Escrow APIs allow a customer to make a payment with an escrow account when transacting on certain marketplaces. This way, a customer is charged when they make an online transaction, and the money is held in an escrow account. However, the money is credited to the merchant’s account only when the customer receives the product/service that they ordered.
According to a 2017 report by CGI Global, API-based payments are expected to be the leading mode of retail payments by 2022, with 69% of survey respondents preferring these over other modes of payments, such as mobile technology and biometric technology.
APIs enable virtual cards, which allow a customer to make online transactions without revealing their credit or debit card number.
One company that is leading the API-based payments is Square Inc. Square’s payment APIs allow any computer to turn into a virtual PoS terminal. Square’s API acts as the third-party entity that allows a merchant to create a customized payments interface for their website, as well as use prebuilt web forms for accepting payments.

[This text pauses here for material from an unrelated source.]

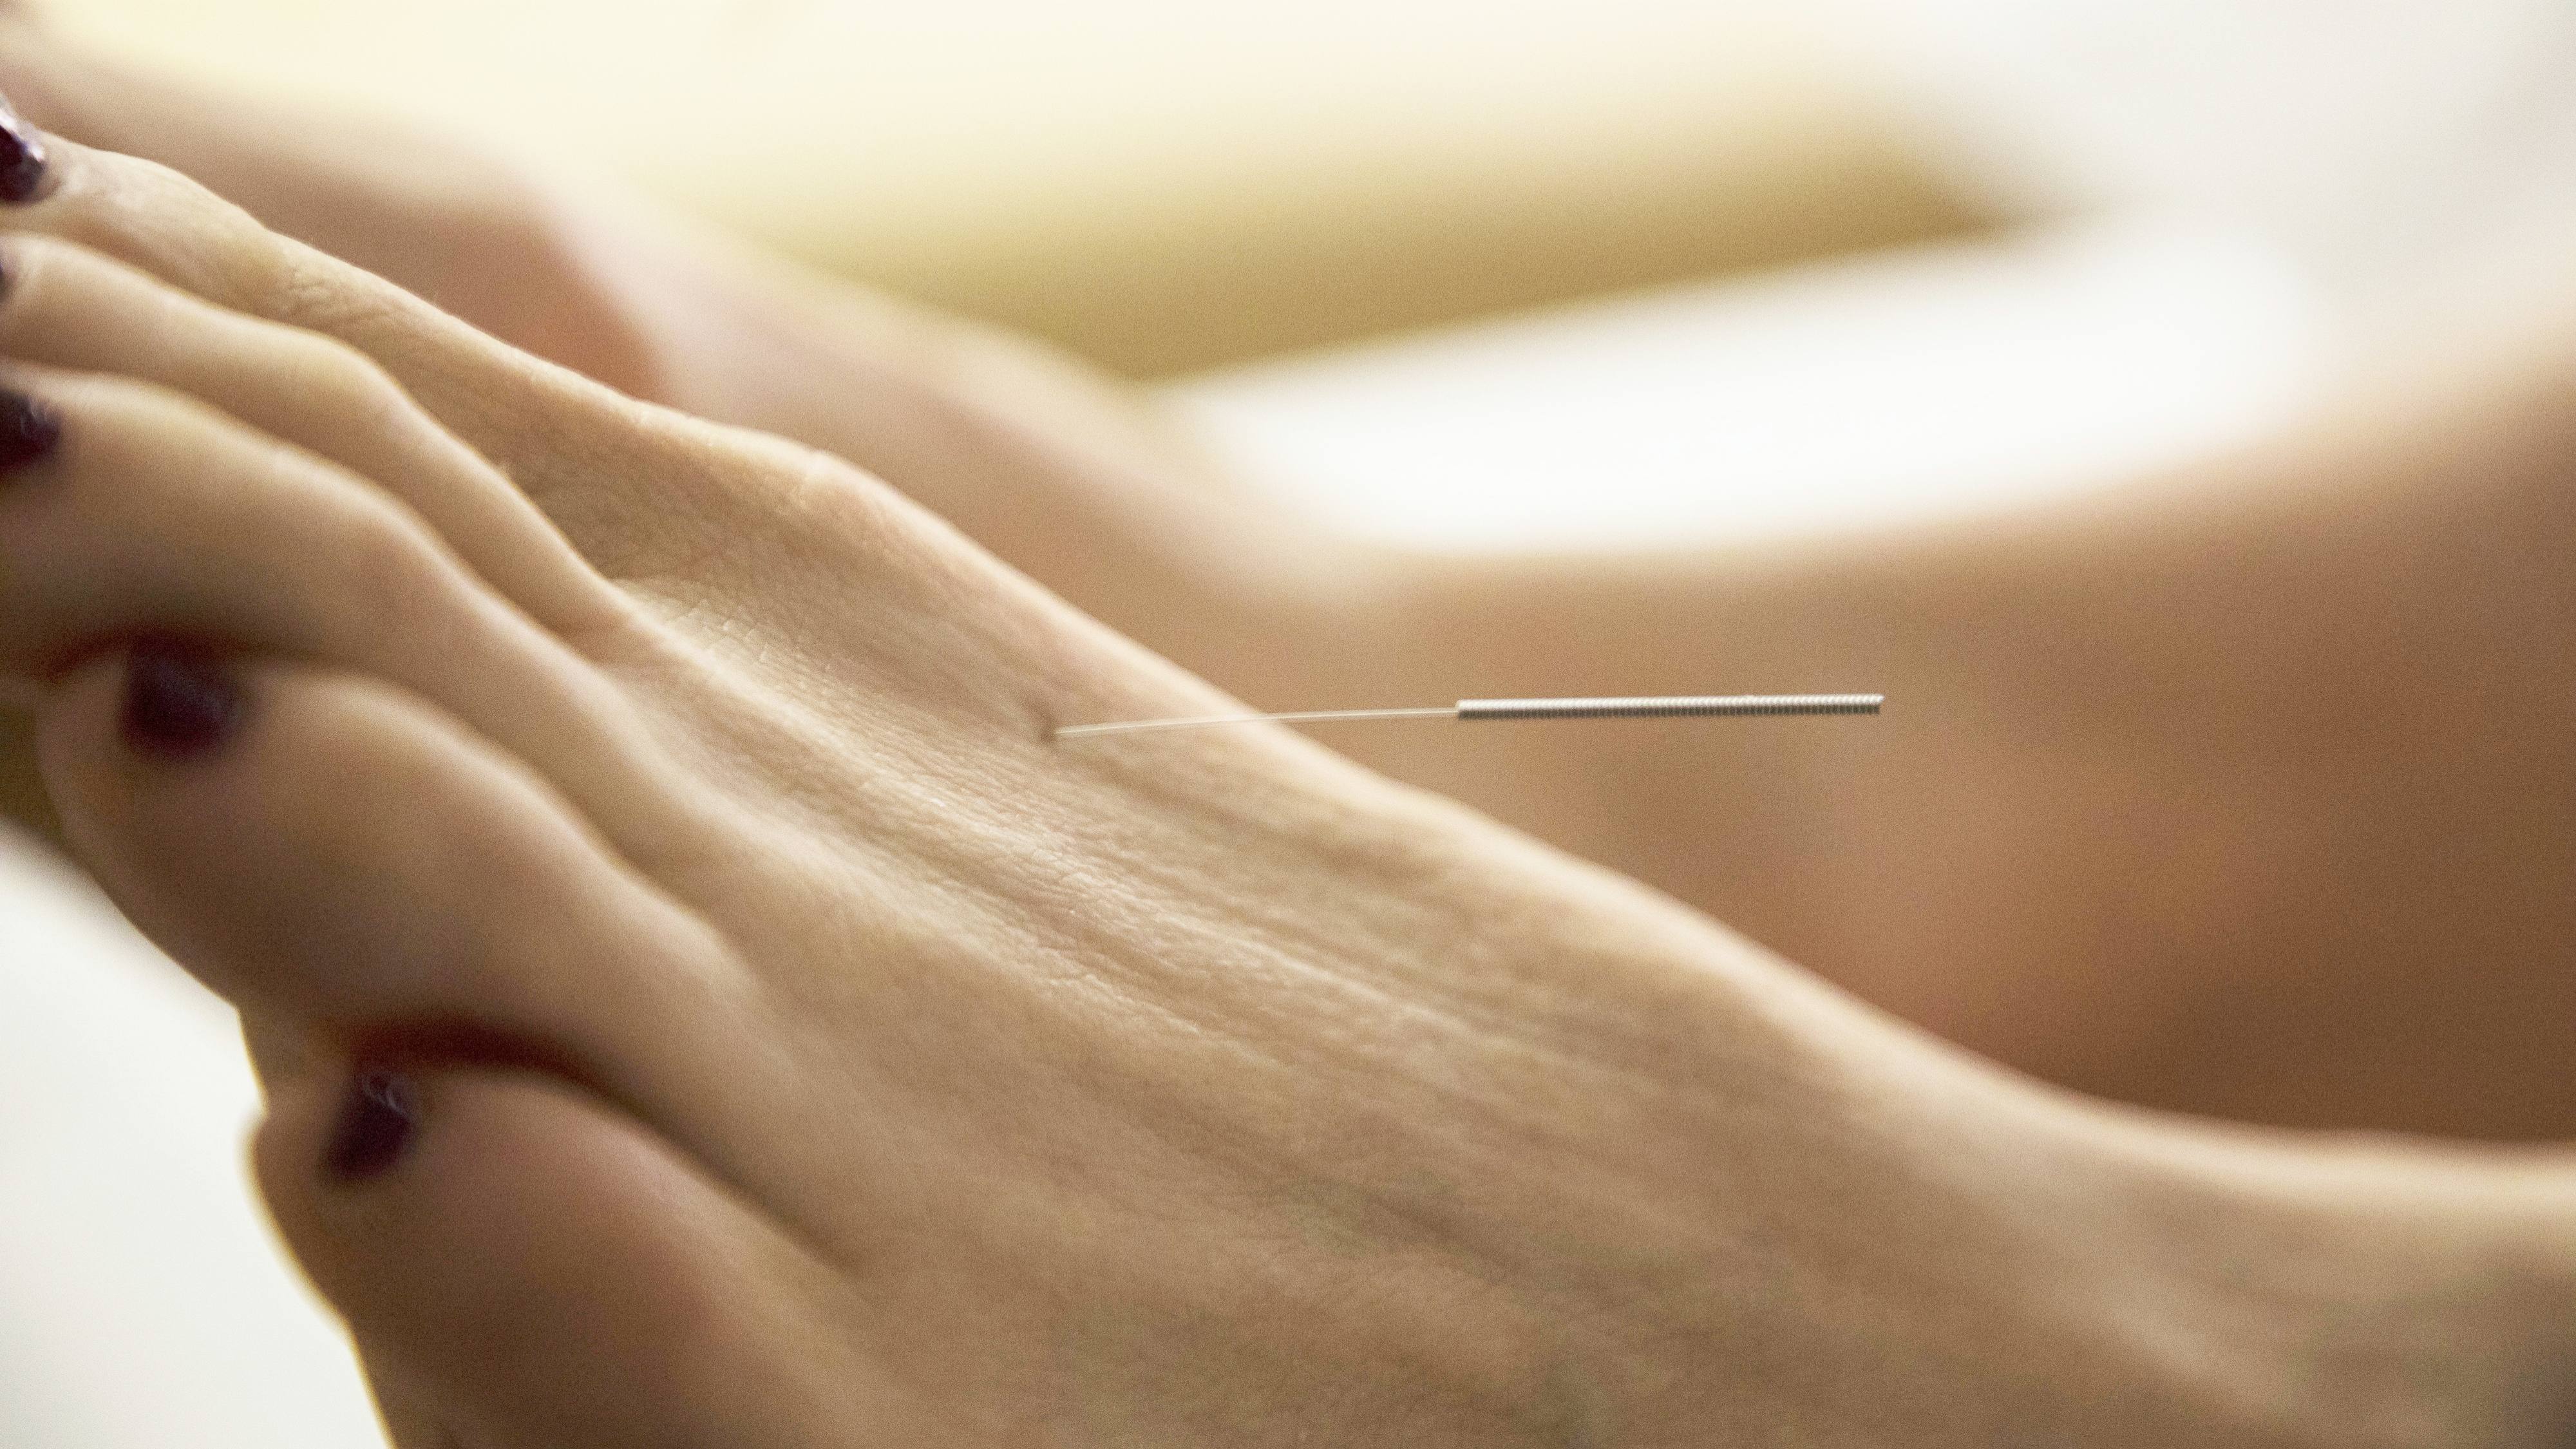 a women's foot with a needle in it during an acupuncture therapy session

Privacy also offers a card-issuing API that allows companies to issue cards for varied use-case scenarios, such as for employees of advertising agencies, with a preset spending limit; for financial services companies, which can further issue these cards to their customers; and to SaaS companies, which can use these virtual cards for their borrowing needs. Privacy’s easy onboarding process and quick integrations allows businesses to issue cards for their specific needs within hours. The company also offers simple and transparent pricing options to make the process of card-issuing easier.
Fiserv Inc. in 2019 introduced APIs that smoothed out the process of paying bills through banks. The APIs make the bill payment process more efficient by automating tasks such as establishing the connection between a biller and a payee and logging payment entries. The API provides capabilities such as sending reminders for bill payments to a customer and sending out alerts when a customer’s bill payment is debited from their account.
Technology continues to make payments more efficient
By 2025, 67% of global transactions are estimated to be done digitally, up from their 57% estimate prior to the COVID-19 pandemic, according to Bain & Co. Even as other sectors saw a downturn in consumer demand, owing to global lockdowns, an increase in online shopping and payments boosted demand in the payments industry.
This boom in digital payments will also be accompanied by faster technological advancements. The magstripe ruled card payments for nearly five decades and was replaced by tap-and-pay in only 10 years.
While the continued use of APIs and NFC tech is expected to bring more transparency and efficiency to online payments, artificial intelligence (AI)-powered voice assistants with voice-recognition features are expected to enable payments. AI-powered biometric cameras, such as Amazon’s Deeplens, are also being used to check out grocery items and pay through the AmazonGo app at the online retailing giant’s cashier-less grocery stores in the United States.
Blockchain, on the other hand, is helping to reduce risk by tokenization of transactions, as well as leveraging data to monitor payments clearances and reduce fraud.
With fast-moving technologies such as AI and blockchain making their way into payments, the future set of innovations are expected to yield faster changes to how people make payments.